- **Data for this exercise**:
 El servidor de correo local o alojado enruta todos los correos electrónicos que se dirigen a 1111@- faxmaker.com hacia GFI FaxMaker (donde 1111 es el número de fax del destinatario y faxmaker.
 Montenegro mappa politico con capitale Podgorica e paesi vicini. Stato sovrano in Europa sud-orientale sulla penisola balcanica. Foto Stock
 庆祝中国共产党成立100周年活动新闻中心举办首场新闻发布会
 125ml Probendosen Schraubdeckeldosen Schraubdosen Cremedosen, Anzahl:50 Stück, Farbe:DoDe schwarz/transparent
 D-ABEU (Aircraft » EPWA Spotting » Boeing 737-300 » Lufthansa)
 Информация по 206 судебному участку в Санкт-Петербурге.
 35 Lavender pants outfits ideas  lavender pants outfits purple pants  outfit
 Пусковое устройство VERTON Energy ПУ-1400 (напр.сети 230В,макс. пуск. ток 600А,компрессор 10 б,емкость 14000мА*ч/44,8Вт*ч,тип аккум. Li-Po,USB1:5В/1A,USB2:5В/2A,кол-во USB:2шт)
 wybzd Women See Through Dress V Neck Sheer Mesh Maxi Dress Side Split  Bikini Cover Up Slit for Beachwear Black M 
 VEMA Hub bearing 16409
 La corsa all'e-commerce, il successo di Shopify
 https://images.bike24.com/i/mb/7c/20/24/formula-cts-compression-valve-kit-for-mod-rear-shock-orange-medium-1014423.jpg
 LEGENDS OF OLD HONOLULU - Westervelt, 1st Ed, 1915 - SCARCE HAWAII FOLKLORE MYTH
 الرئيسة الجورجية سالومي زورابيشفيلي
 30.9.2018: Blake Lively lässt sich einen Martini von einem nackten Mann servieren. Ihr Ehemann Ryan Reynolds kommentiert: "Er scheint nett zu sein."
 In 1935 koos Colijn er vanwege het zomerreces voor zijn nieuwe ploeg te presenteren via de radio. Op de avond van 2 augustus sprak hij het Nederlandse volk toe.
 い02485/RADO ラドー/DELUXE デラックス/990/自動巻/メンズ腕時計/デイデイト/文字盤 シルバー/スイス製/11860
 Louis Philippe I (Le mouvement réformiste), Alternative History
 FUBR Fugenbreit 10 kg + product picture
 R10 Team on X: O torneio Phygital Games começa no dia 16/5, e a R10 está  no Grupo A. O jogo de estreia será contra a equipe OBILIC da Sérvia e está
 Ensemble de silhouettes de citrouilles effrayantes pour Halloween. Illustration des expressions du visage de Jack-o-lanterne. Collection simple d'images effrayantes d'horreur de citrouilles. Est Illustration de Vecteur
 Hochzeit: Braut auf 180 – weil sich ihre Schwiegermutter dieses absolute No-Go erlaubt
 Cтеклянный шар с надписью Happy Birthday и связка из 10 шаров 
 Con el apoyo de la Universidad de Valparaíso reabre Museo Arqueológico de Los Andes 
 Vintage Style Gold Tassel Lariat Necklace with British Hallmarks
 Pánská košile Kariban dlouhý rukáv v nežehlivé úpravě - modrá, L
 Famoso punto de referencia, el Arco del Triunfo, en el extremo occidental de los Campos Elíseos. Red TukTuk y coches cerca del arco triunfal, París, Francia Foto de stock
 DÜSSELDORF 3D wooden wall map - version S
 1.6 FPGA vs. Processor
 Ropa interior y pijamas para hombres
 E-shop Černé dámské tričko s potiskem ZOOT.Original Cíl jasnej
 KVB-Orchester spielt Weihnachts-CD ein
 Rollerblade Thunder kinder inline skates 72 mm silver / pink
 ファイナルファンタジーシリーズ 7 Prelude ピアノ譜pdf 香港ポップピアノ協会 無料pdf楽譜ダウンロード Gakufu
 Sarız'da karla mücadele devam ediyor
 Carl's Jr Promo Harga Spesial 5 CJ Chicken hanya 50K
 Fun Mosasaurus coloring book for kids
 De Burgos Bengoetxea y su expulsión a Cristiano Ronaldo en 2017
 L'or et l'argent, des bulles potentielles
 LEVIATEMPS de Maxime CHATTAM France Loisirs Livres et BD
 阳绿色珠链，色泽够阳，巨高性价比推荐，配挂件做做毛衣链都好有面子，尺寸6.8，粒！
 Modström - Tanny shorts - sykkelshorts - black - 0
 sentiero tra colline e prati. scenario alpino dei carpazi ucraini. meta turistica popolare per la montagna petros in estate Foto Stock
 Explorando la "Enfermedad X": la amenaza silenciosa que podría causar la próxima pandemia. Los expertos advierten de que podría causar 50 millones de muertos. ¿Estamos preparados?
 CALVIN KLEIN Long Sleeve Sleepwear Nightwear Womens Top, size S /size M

- **Task details**: Repeat the data above, word for word.

- **Reply**:
 El servidor de correo local o alojado enruta todos los correos electrónicos que se dirigen a 1111@- faxmaker.com hacia GFI FaxMaker (donde 1111 es el número de fax del destinatario y faxmaker.
 Montenegro mappa politico con capitale Podgorica e paesi vicini. Stato sovrano in Europa sud-orientale sulla penisola balcanica. Foto Stock
 庆祝中国共产党成立100周年活动新闻中心举办首场新闻发布会
 125ml Probendosen Schraubdeckeldosen Schraubdosen Cremedosen, Anzahl:50 Stück, Farbe:DoDe schwarz/transparent
 D-ABEU (Aircraft » EPWA Spotting » Boeing 737-300 » Lufthansa)
 Информация по 206 судебному участку в Санкт-Петербурге.
 35 Lavender pants outfits ideas  lavender pants outfits purple pants  outfit
 Пусковое устройство VERTON Energy ПУ-1400 (напр.сети 230В,макс. пуск. ток 600А,компрессор 10 б,емкость 14000мА*ч/44,8Вт*ч,тип аккум. Li-Po,USB1:5В/1A,USB2:5В/2A,кол-во USB:2шт)
 wybzd Women See Through Dress V Neck Sheer Mesh Maxi Dress Side Split  Bikini Cover Up Slit for Beachwear Black M 
 VEMA Hub bearing 16409
 La corsa all'e-commerce, il successo di Shopify
 https://images.bike24.com/i/mb/7c/20/24/formula-cts-compression-valve-kit-for-mod-rear-shock-orange-medium-1014423.jpg
 LEGENDS OF OLD HONOLULU - Westervelt, 1st Ed, 1915 - SCARCE HAWAII FOLKLORE MYTH
 الرئيسة الجورجية سالومي زورابيشفيلي
 30.9.2018: Blake Lively lässt sich einen Martini von einem nackten Mann servieren. Ihr Ehemann Ryan Reynolds kommentiert: "Er scheint nett zu sein."
 In 1935 koos Colijn er vanwege het zomerreces voor zijn nieuwe ploeg te presenteren via de radio. Op de avond van 2 augustus sprak hij het Nederlandse volk toe.
 い02485/RADO ラドー/DELUXE デラックス/990/自動巻/メンズ腕時計/デイデイト/文字盤 シルバー/スイス製/11860
 Louis Philippe I (Le mouvement réformiste), Alternative History
 FUBR Fugenbreit 10 kg + product picture
 R10 Team on X: O torneio Phygital Games começa no dia 16/5, e a R10 está  no Grupo A. O jogo de estreia será contra a equipe OBILIC da Sérvia e está
 Ensemble de silhouettes de citrouilles effrayantes pour Halloween. Illustration des expressions du visage de Jack-o-lanterne. Collection simple d'images effrayantes d'horreur de citrouilles. Est Illustration de Vecteur
 Hochzeit: Braut auf 180 – weil sich ihre Schwiegermutter dieses absolute No-Go erlaubt
 Cтеклянный шар с надписью Happy Birthday и связка из 10 шаров 
 Con el apoyo de la Universidad de Valparaíso reabre Museo Arqueológico de Los Andes 
 Vintage Style Gold Tassel Lariat Necklace with British Hallmarks
 Pánská košile Kariban dlouhý rukáv v nežehlivé úpravě - modrá, L
 Famoso punto de referencia, el Arco del Triunfo, en el extremo occidental de los Campos Elíseos. Red TukTuk y coches cerca del arco triunfal, París, Francia Foto de stock
 DÜSSELDORF 3D wooden wall map - version S
 1.6 FPGA vs. Processor
 Ropa interior y pijamas para hombres
 E-shop Černé dámské tričko s potiskem ZOOT.Original Cíl jasnej
 KVB-Orchester spielt Weihnachts-CD ein
 Rollerblade Thunder kinder inline skates 72 mm silver / pink
 ファイナルファンタジーシリーズ 7 Prelude ピアノ譜pdf 香港ポップピアノ協会 無料pdf楽譜ダウンロード Gakufu
 Sarız'da karla mücadele devam ediyor
 Carl's Jr Promo Harga Spesial 5 CJ Chicken hanya 50K
 Fun Mosasaurus coloring book for kids
 De Burgos Bengoetxea y su expulsión a Cristiano Ronaldo en 2017
 L'or et l'argent, des bulles potentielles
 LEVIATEMPS de Maxime CHATTAM France Loisirs Livres et BD
 阳绿色珠链，色泽够阳，巨高性价比推荐，配挂件做做毛衣链都好有面子，尺寸6.8，粒！
 Modström - Tanny shorts - sykkelshorts - black - 0
 sentiero tra colline e prati. scenario alpino dei carpazi ucraini. meta turistica popolare per la montagna petros in estate Foto Stock
 Explorando la "Enfermedad X": la amenaza silenciosa que podría causar la próxima pandemia. Los expertos advierten de que podría causar 50 millones de muertos. ¿Estamos preparados?
 CALVIN KLEIN Long Sleeve Sleepwear Nightwear Womens Top, size S /size M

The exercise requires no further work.